**TASK STATEMENT:**
The result should be the full listing copied exactly, with no pictures in it.

**DATASET EXCERPT:**
+++++
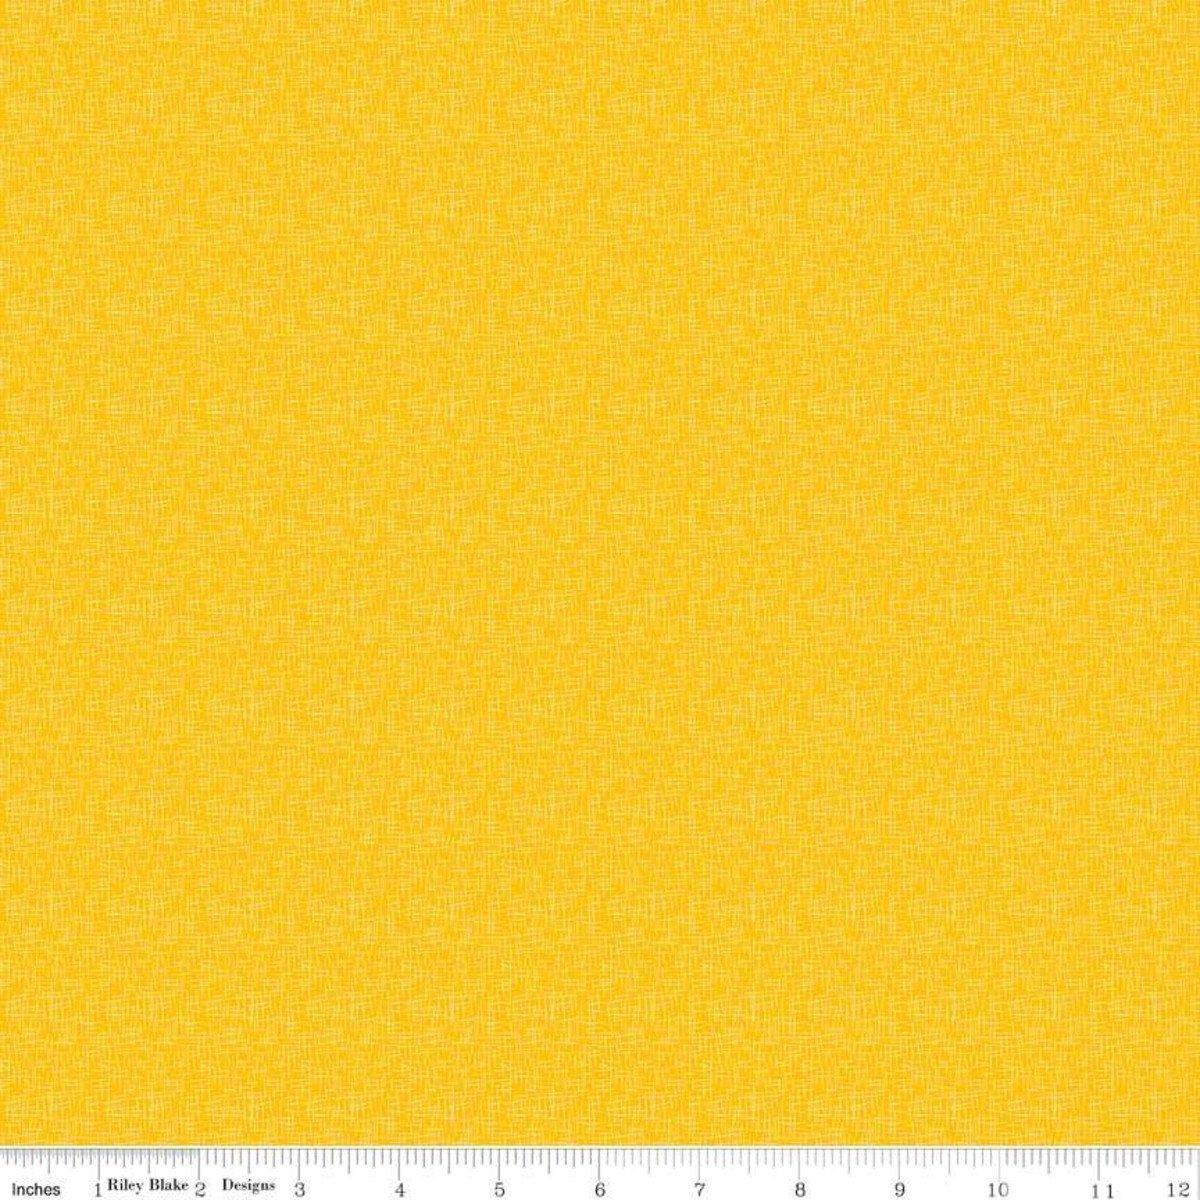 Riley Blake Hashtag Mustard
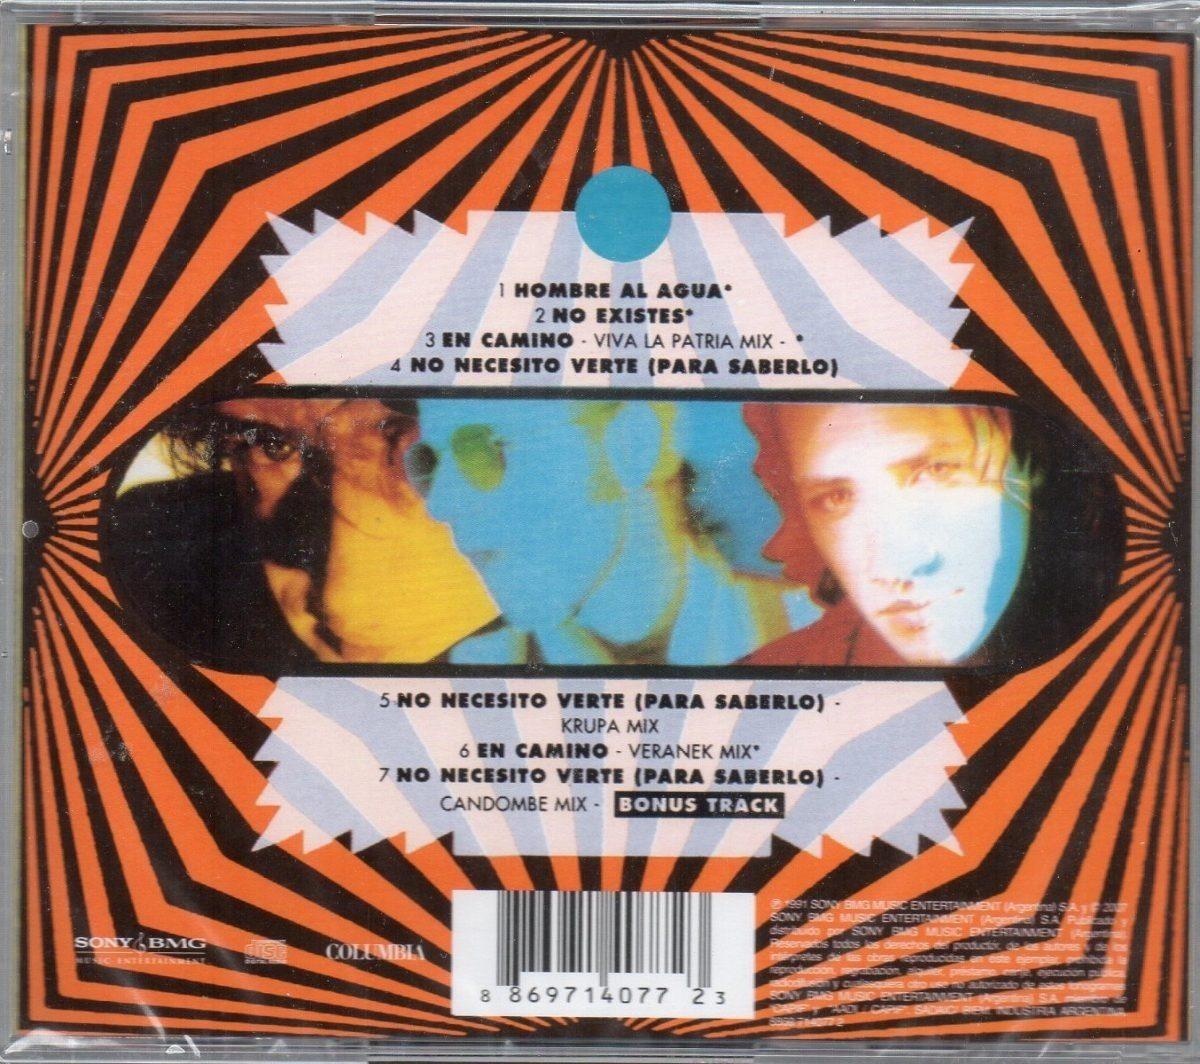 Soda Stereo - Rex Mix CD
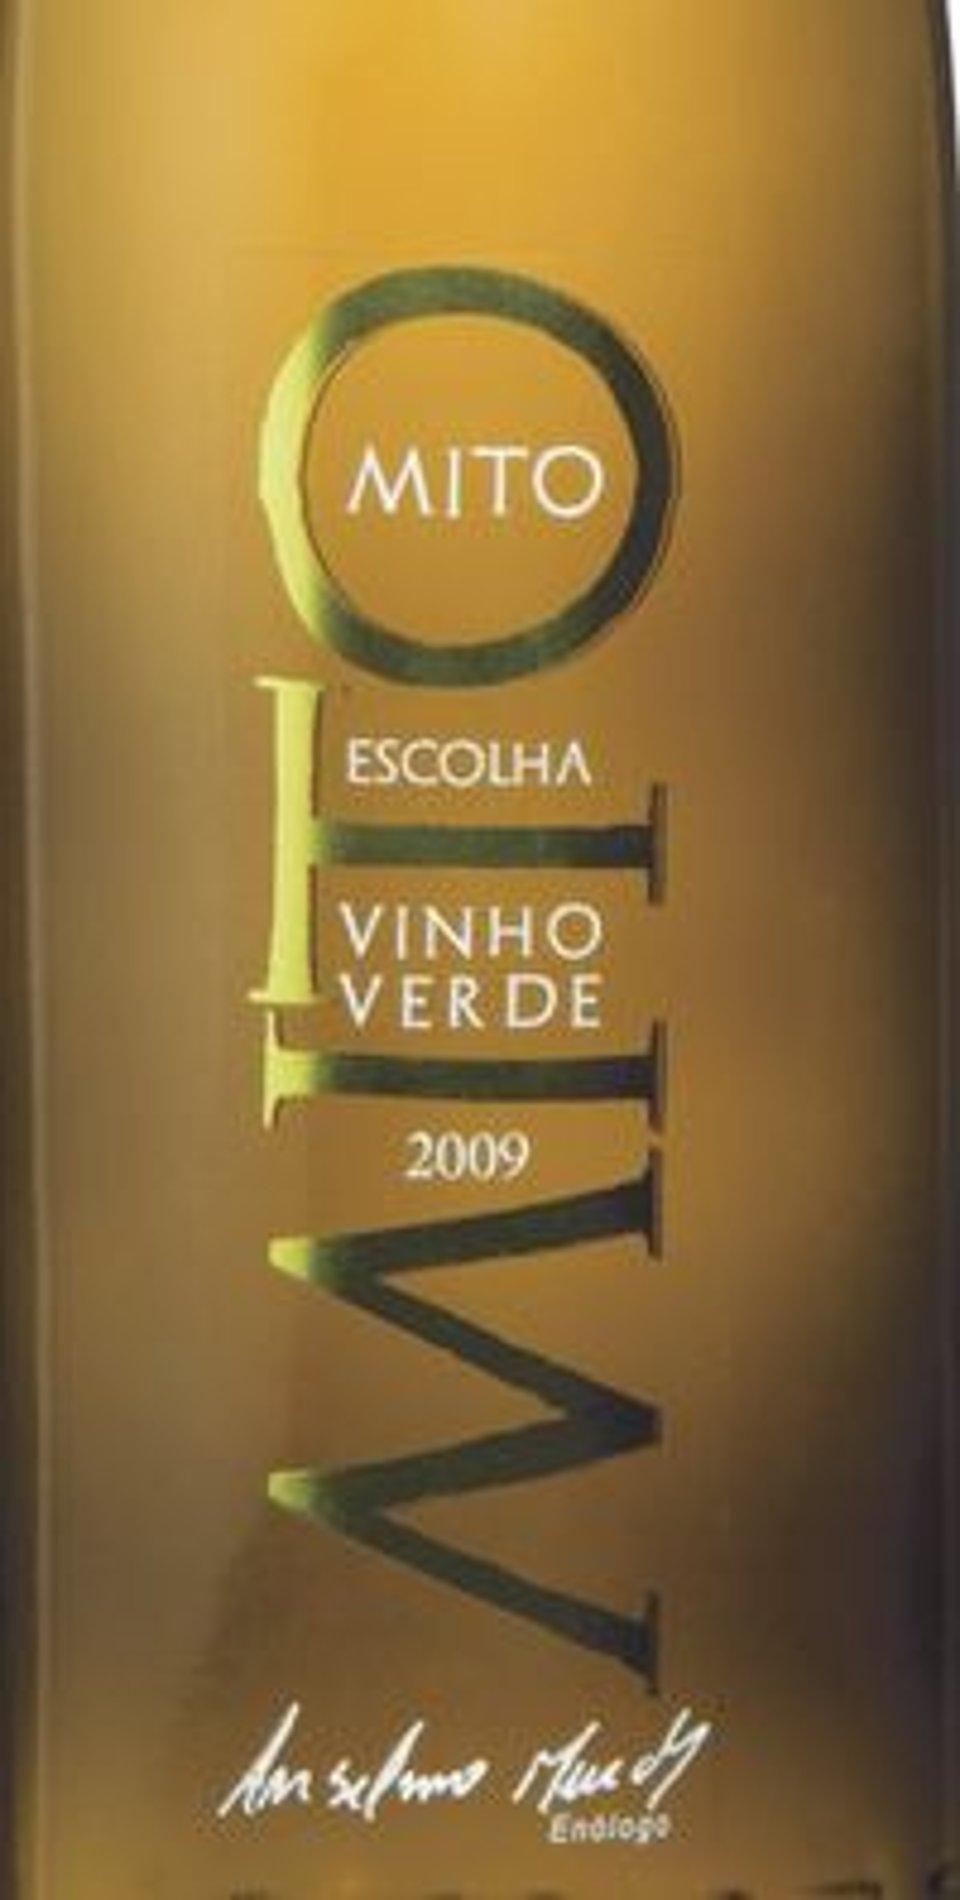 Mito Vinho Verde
+++++
**RESULT OF THIS EXERCISE:**
 Riley Blake Hashtag Mustard
 Soda Stereo - Rex Mix CD
 Mito Vinho Verde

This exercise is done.